An influential model for semantic representation is the 5W1H framework, widely adopted in journalism and adapted for mobility analysis. This model characterizes trajectories through six dimensions: Who, representing the identifier of the moving object; Where, indicating the spatial location; When, specifying the temporal marker; What, describing the activity or object involved; Why, reflecting the purpose of the movement; and How, denoting the mode of transportation or movement pattern, such as either solitary or group-based behavior [25].

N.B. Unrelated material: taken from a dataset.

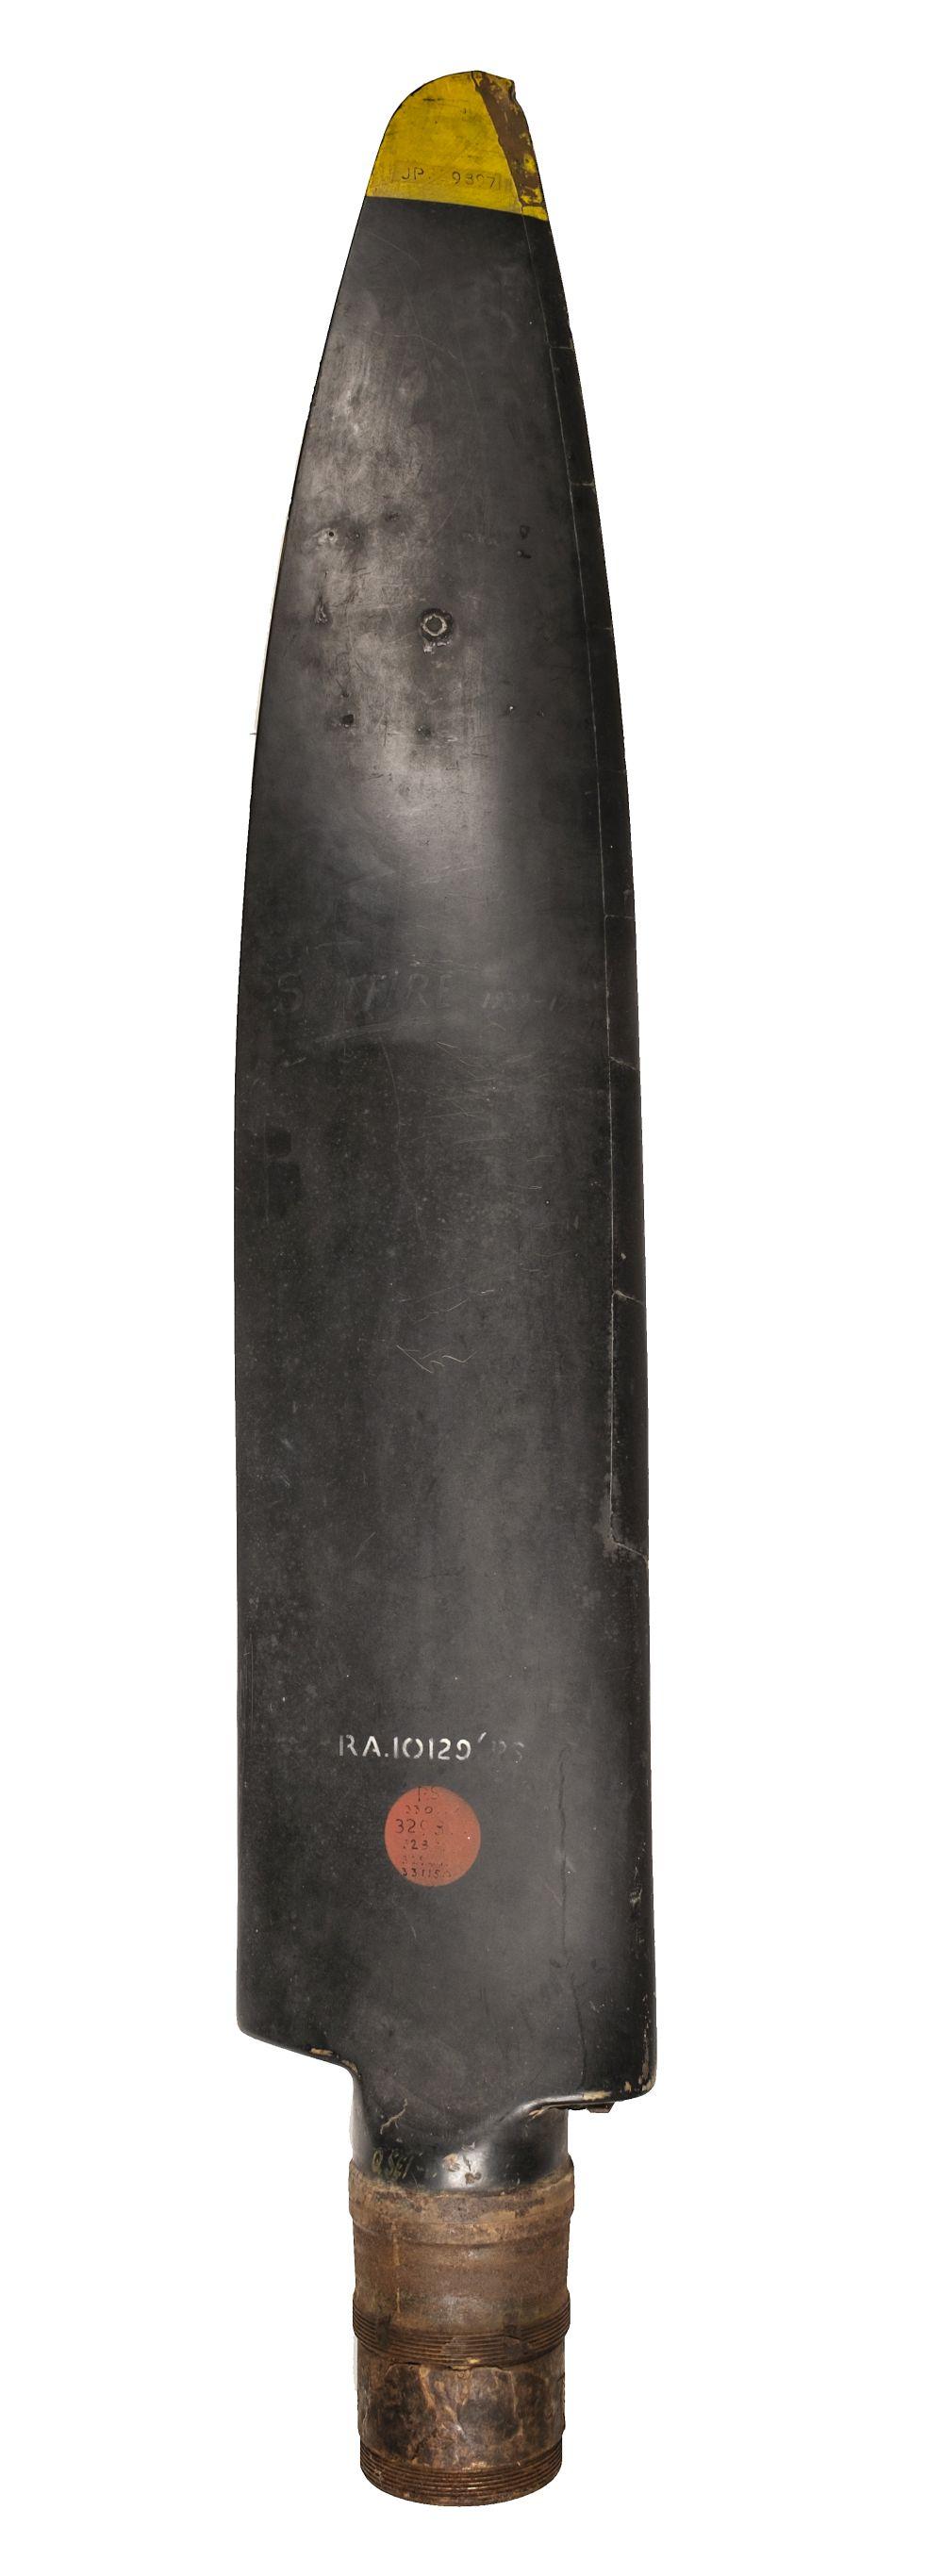 * Propeller. WWII Rotol Spitfire Blade

Research works such as Baquara [7] and CONSTAnT [26] have operationalized the 5W1H model to semantically represent mobility data. Baquara provides a framework for trajectory enrichment through ontological annotations, whereas CONSTAnT introduces a conceptual model that leverages classes, relationships, and semantic attributes (e.g., context, mobile object properties, and domain-specific events) to facilitate rich semantic interpretation and advanced mobility analysis.

MASTER [8] proposes a generic conceptual model that extends beyond 5W1H by representing multiple aspects of trajectories using RDF graphs. In this model, an aspect is any real-world fact relevant to interpreting movement behavior. Despite their expressiveness, these models operate within the paradigm of MODs and are not inherently designed for TDW.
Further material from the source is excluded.